I remember my first time on a swing
without any assistance at this park in the cantonment where my father was
posted. Hisar. I've plenty of memories attached to that place but somehow that
feeling of being on the swing all by myself has always been with me and I have
thought about the reason behind remembering it,vividly so,on numerous
occasions. I haven't been able to convince myself with absolute reasoning but
the closest I've come to concluding is that it was perhaps the sheer joy of
liberation.
The air felt lighter and crisp above
the mundane familiarity of the earthen heat over the ground level. I liked how
close I could be to the perfect blue sky and grasp it in all its gigantic
glory. The beauty of its vastness,the brightness just overwhelmed me. I drew
the sky that day in the evening and all I did was empty the bottle of blue and
white paint on a sheet of paper and move my palm across the sheet from one end
to the other. And I did the same for many sheets and then asked my mother to
pin them all together because that was how big the sky was I informed her
diligently. So she told me it was much bigger than what I had imagined and
perceived. This led me on to painting a few more sheets and she kept pasting
them until the cardboard above my study table was filled with blue sheets and
my canvas was set. It made me smile,the canvas I had painted. I had a sky of my
own so that when I returned home I would still have the joy of looking at
it,all bright unlike the night. I used to have the night lamp facing the canvas
so I could see it from my bed and before I slept it gave me things to lookout
for the next day. An incentive that just grew manifold in practice. As I grew I
wanted to know about how and why was the sky blue,how did the birds fly,how I
couldn't stay in air for long like them and hence forth. Those were perhaps the
times I learnt the most,because I was learning out of sheer curiosity. That was
another liberating moment.That canvas was saved for many years by my parents as
I kept adding to it.
First,the Sun, evidently a big yellow
circle at the right-hand corner then birds(simple black extended curved 'v' )

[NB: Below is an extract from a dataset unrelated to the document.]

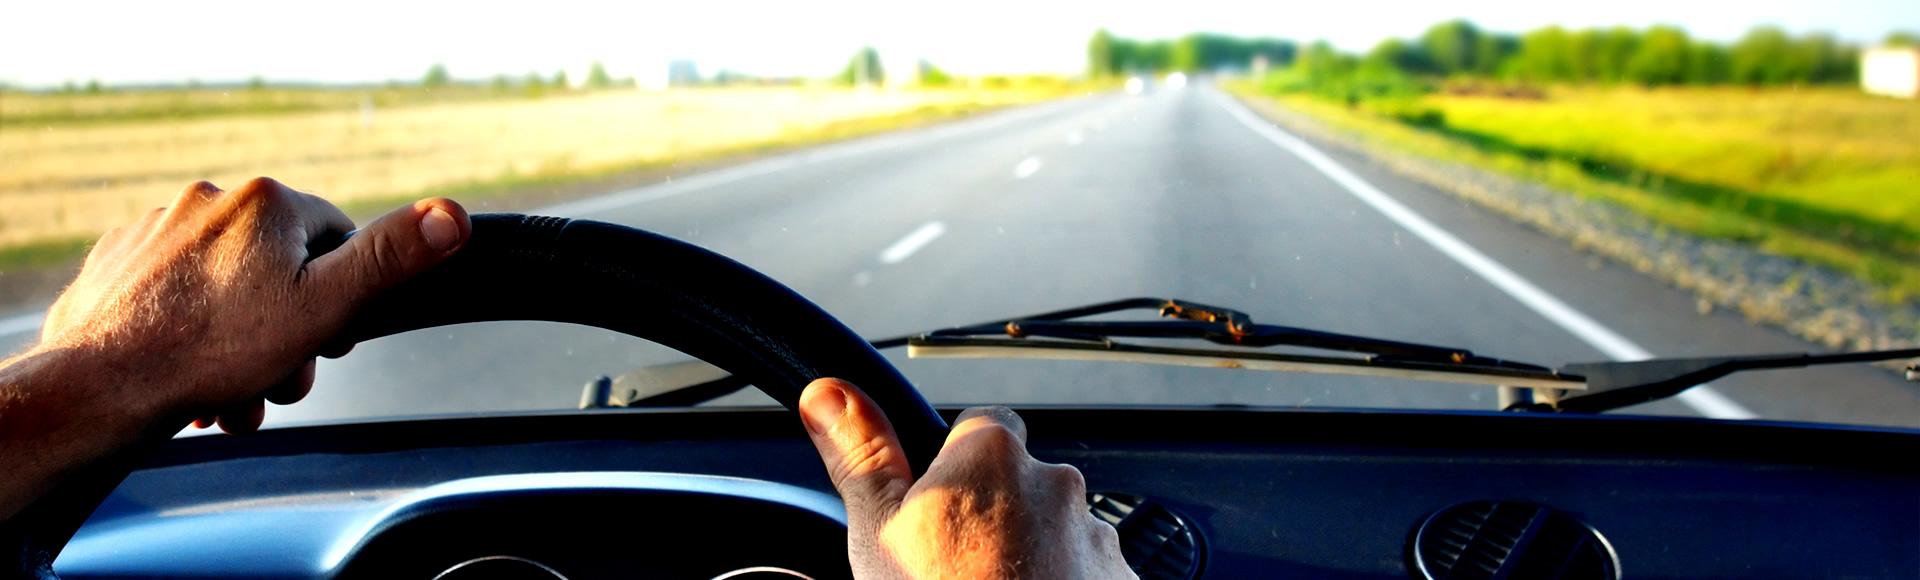 Fotografia di un automobilista che guida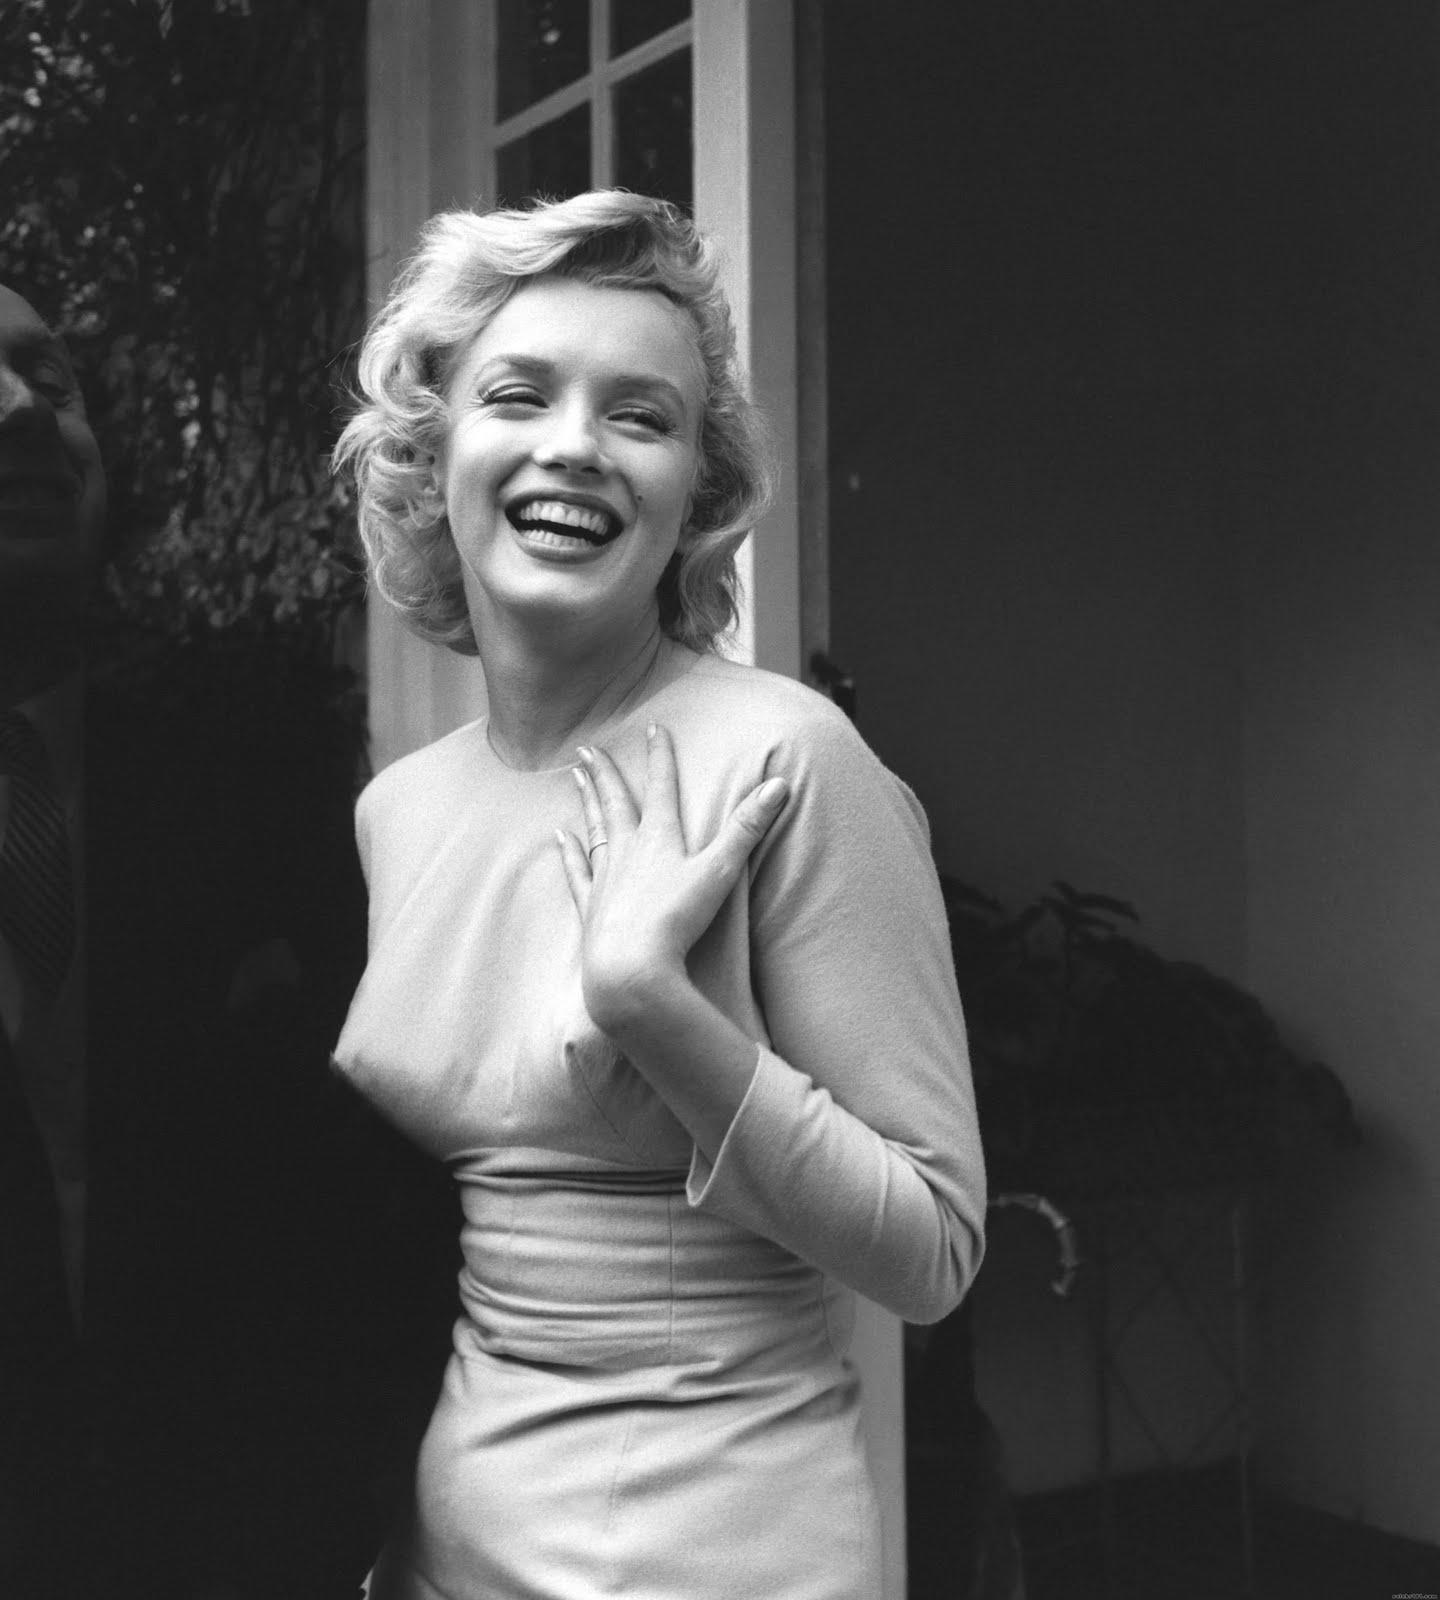 http://1.bp.blogspot.com/-jvsmliJYJd4/TfJ40wH6ywI/AAAAAAAAFq8/rWSof7cruZA/s1600/Marilyn+Monroe+30.jpg

which I eventually replaced with pictures of different birds and their names
and two features of the bird that made it different from the rest. Then came in
trees which made it even more exciting because I then took to climbing
trees(and falling terribly times and over,I then learnt gravity was no good,and
how being idle is no child's play but a trend that Sir Isaac Newton set forth
with much ado) and getting a pocketful of leaf samples to show to my parents
and ask them which tree it belonged to and that led me to learning about the
different kind of trees around the place and subsequently giving me an insight
into seasons with the yellowing of leaves and the blossoming of flowers. And
all this happened because one evening I was left alone to be,and fend for
myself without anyone to help/guide or teach me. Something as casual as
swinging all by myself when there was no one but myself to observe,ask and
answer to my questions. From that moment I have had plenty of opportunities to
see,hear,ask,learn,draw and write but seldom have I felt the same as I felt
back then.
And I know why.
It is because I have never been that
free,for a second time. I live under the shackles of what I have heard,seen and
learnt much before I have allowed myself to observe to understand and believe.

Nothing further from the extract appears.